Sarytogan Graphite Managing Director Sean Gregory

The CAOB is one of the most researched orogenic belts in the world due to its significance in the research of continental accretion and ore formation processes. It contains abundant natural resources, including mineral ores and oil and gas and hosts several giant copper-gold porphyry deposits.


In Kazakhstan, such projects include the producing Bozshakol operation with 1.42 billion tonnes at 0.34 per cent copper and 0.13 per cent gold and the producing Aktogai with its 1.944 billion tonnes at 0.32 per cent copper. They also include other smaller, but still impressive Koksai, Kounrad and Nurkazgan copper projects that all have between 213 million tonnes and 637 million tonnes at copper grades ranging from 0.42 per cent copper to 0.81 per cent.


Unsurprisingly, with those numbers, Kazakhstan is the world’s 11th-biggest producer of copper, pumping out 600,000 tonnes of the valuable reddish metal last year. The CAOB also includes the mind-bendingly massive Oyu Tolgoi copper project in Mongolia that contains 30 million tonnes of copper and 44 million ounces of gold.


Sarytogan references Soviet-era exploration, during which more than 300 mineral occurrences were observed and partially explored and it has obtained location details of anomalism, historic grab and trench metalliferous samples and aero-magnetic anomalies. It says abundant evidence of copper may be found throughout its exploration licence, including malachite in hand specimen from the margin of the smaller satellite Zhangeldy Caldera in the southern part of its ground.

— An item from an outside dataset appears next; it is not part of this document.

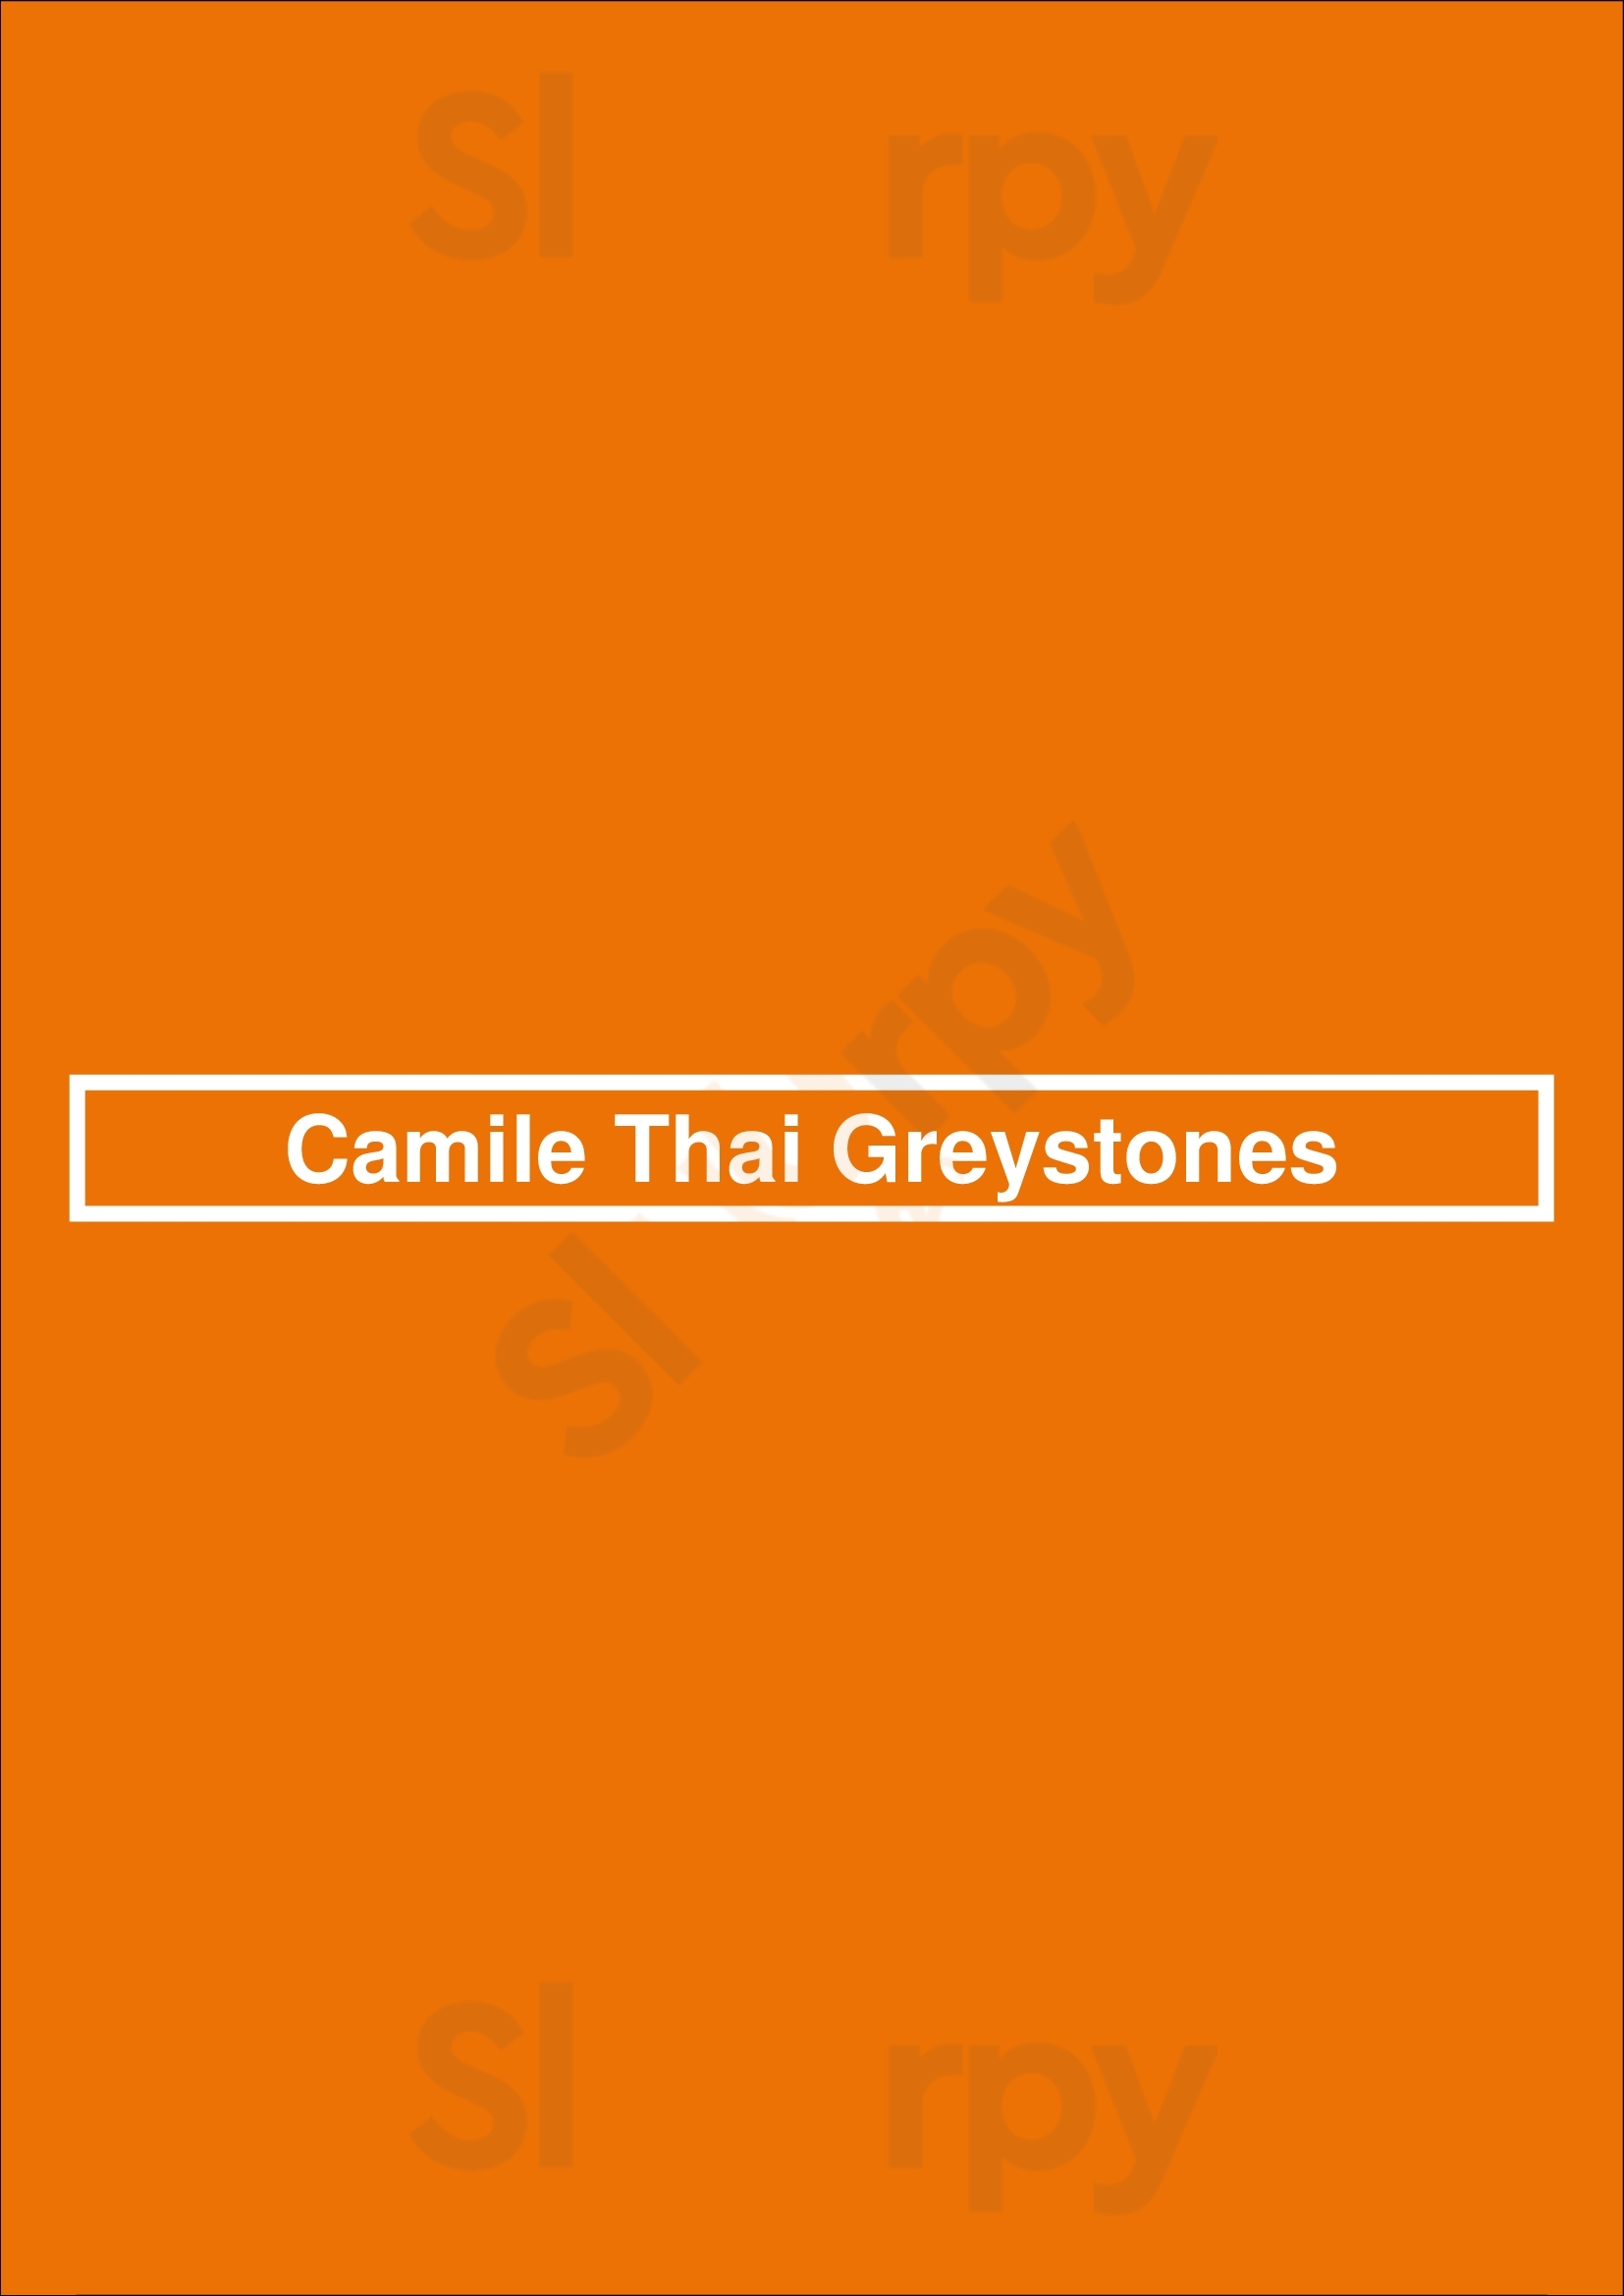 Camile Thai Greystones Greystones Menu - 1

The company says it has been advised by the Kazakhstan Government that its exploration licence application will be granted upon payment of environmental insurance, which has now been paid.

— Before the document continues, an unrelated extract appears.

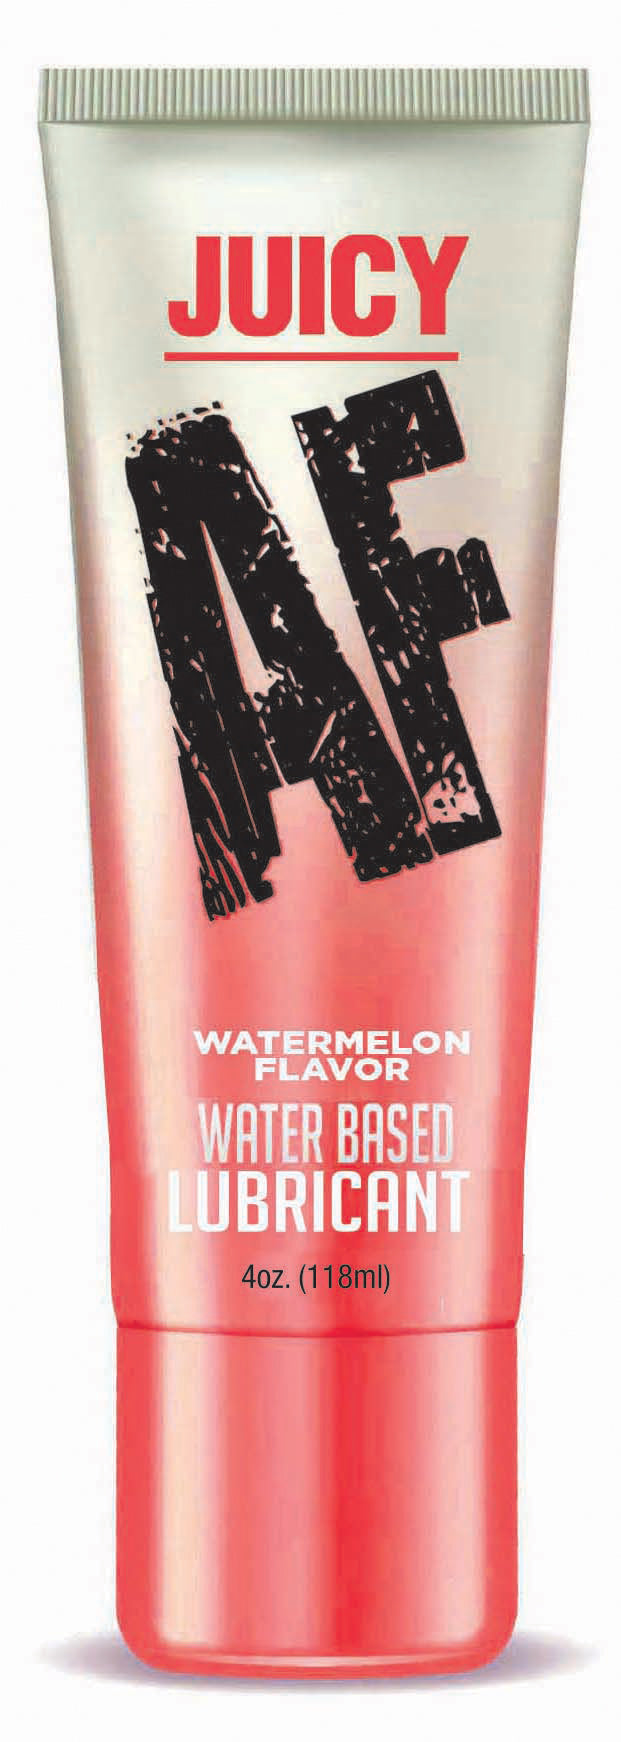 Juicy Af - Watermelon Water Based Flavored Lubricant

With its geologists already in the field to kick off soil sampling in prospective areas, Sarytogan says it plans to undertake an imminent high-resolution airborne magnetics survey over the full licence area. Its objective is to build a portfolio of prospective ground in the region to meet its goal of becoming a significant battery metals supplier.


If it is indeed true that “to find elephants you need to look in elephant country,” then Sarytogan could do no better than to begin its search for copper in this proven orogenic belt.